Jill didn’t hesitate. “Bryn,” she said. “From the moment I met her, I knew I could make a difference in her life. At the beginning, I guess I saw our relationship pretty much in Movie of the Week terms: the lonely woman of a certain age rescues the damaged girl, and they both learn to trust and love.” Jill smiled ruefully. “I am now well aware that Bryn’s problems aren’t going to be solved in ninety minutes, but as far as I’m concerned that’s just all the more reason to stick around.”
“I’m glad you’re realistic about her,” I said.
Jill’s eyes were searching. “Is there something else I should know?”
I took a deep breath. “I found Evan’s binder.”
“Where was it?”
“In Bryn’s Birkin Bag.”
Jill tensed. “Why were you going through her things?”
“Angus’s old girlfriend gave Bryn a gift to pass along to Angus. He never got it. Bryn hid it in her bag and stuffed the bag under some camping equipment in the back of the closet.”
Jill was clearly shaken. “Why would she do that?”
“I don’t know,” I said. “But for the moment, let’s just deal with the fact that I found the binder. I only had a chance to give it a quick glance, but almost all the notes refer to a project called The Glass Coffin.”

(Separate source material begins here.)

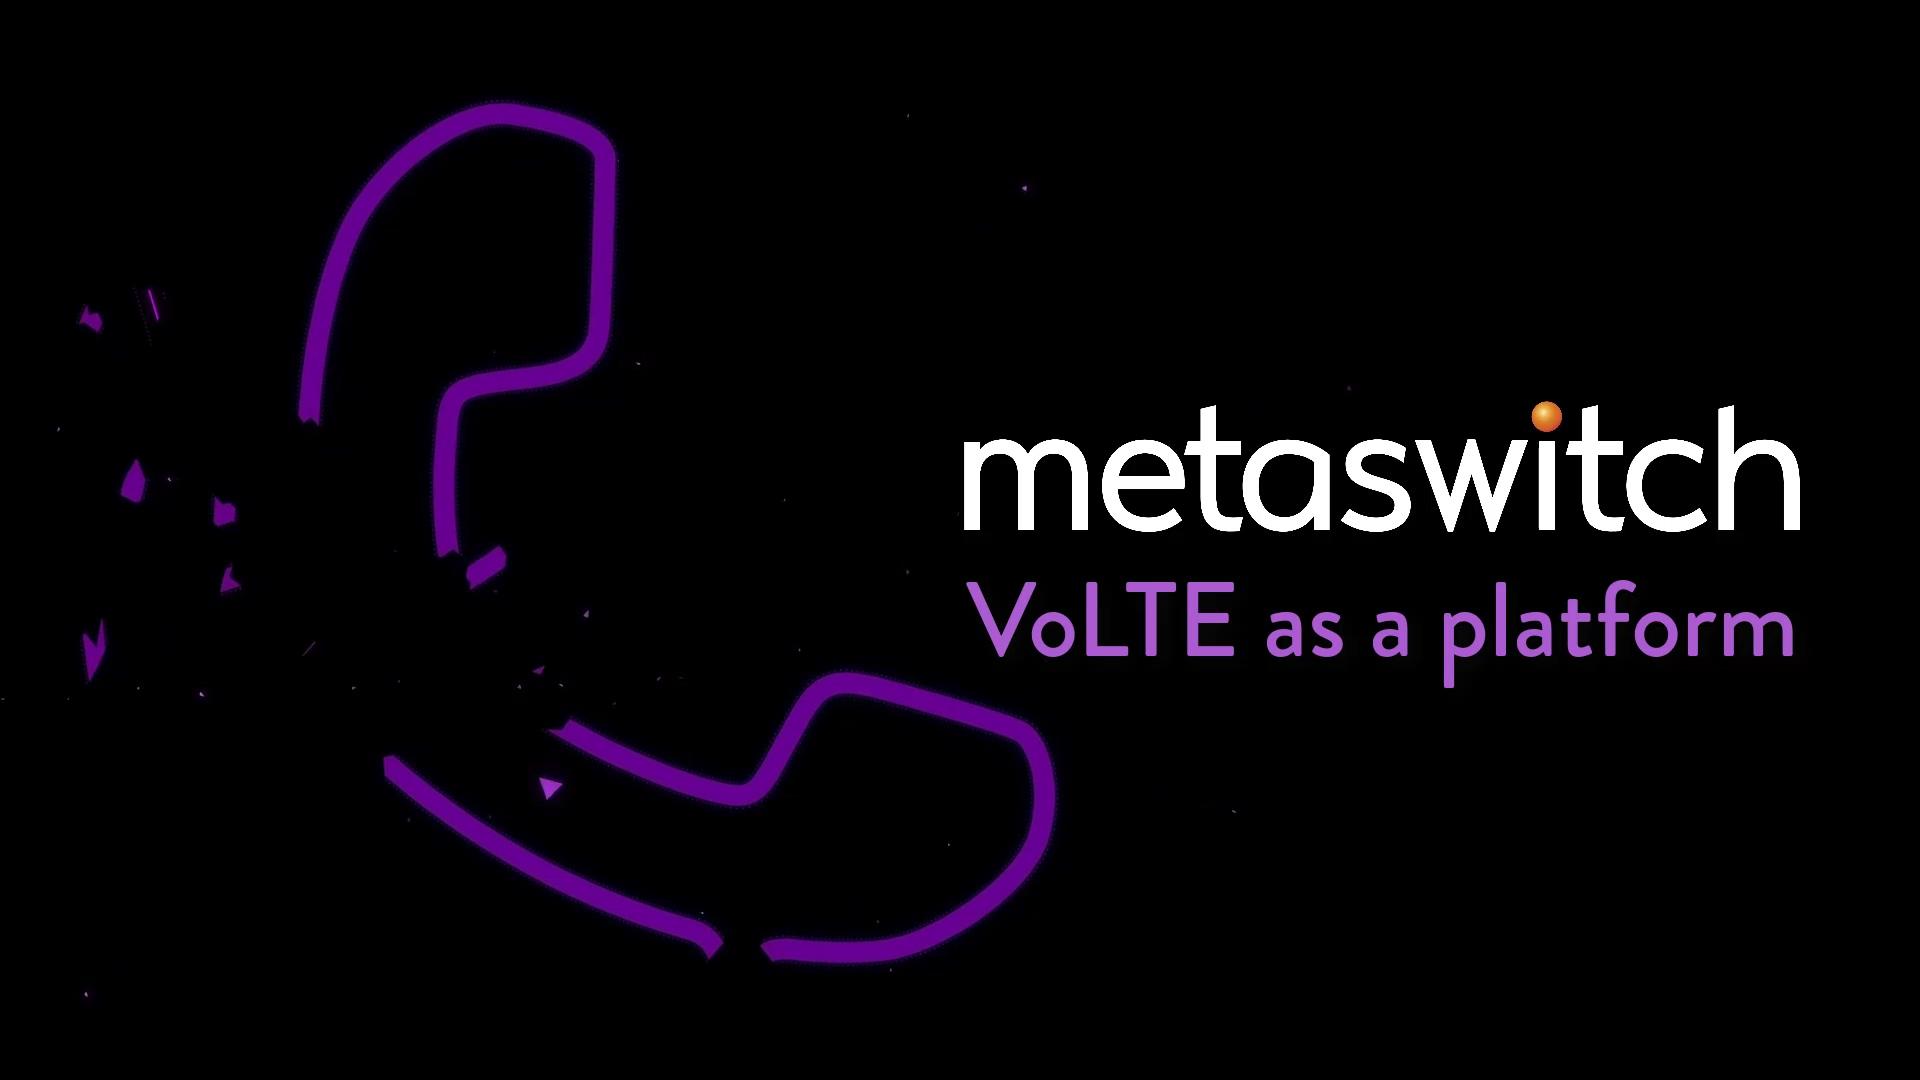 VoLTE-as-a-platform

Jill looked genuinely baffled. “I’ve never heard of it, but Felix must have suggested the title. He grew up in a town called Marburg – same place that spawned the Brothers Grimm. They were as obsessed by the beautiful Saint Elisabeth in her glass coffin as Felix was.”
“And who is the beautiful Saint Elisabeth?” I asked.
Jill rolled her eyes. “The Church may have seared my soul, but at least it gave me a good education. St. Elisabeth of Thuringia was the princess who married her prince at fourteen, died at twenty-four, and spent her short happy life giving alms to the wretched.”
“Will there be a quiz on this?”
“Maybe on Judgement Day. Think how grateful you’ll be to me then.”
“I’m already grateful,” I said. “You and I may have had our problems, but at least we didn’t have to find our prince by the time we were fourteen.”
“True,” Jill said. “But we also missed out on the age of miracles. I doubt if either of us will ever have the bread we’re carrying to the poor transformed into roses.”
I felt a rush. “Now that’s interesting,” I said. “There was a note in Bryn’s bag. It said, ‘For Felix, who turned my bread into roses.’ ”
“Who was it from?”
“Someone who signed herself C.”
“Claudia?” Jill said.
“Perhaps,” I said. “But there is another possibility.”
“Caroline,” Jill said. “The woman who’s spent the past forty years in her own glass coffin. Evan never mentioned that he’d been filming his mother. But if his shot book was filled with notes about The Glass Coffin, that has to be the piece he submitted to the network.”
“And he submitted it without telling you and Felix. More secrets.”
Jill frowned. “I wonder why Evan couldn’t let us see it?”
“Maybe because there’s something in it you and Felix wouldn’t like,” I said. “Only one way to find out for sure,” I said. I checked my watch. “Why don’t I give Dan a call? If he’s still up, we could have a private showing of The Glass Coffin.”
“Best offer I’ve had all day,” Jill said. “Let’s go.”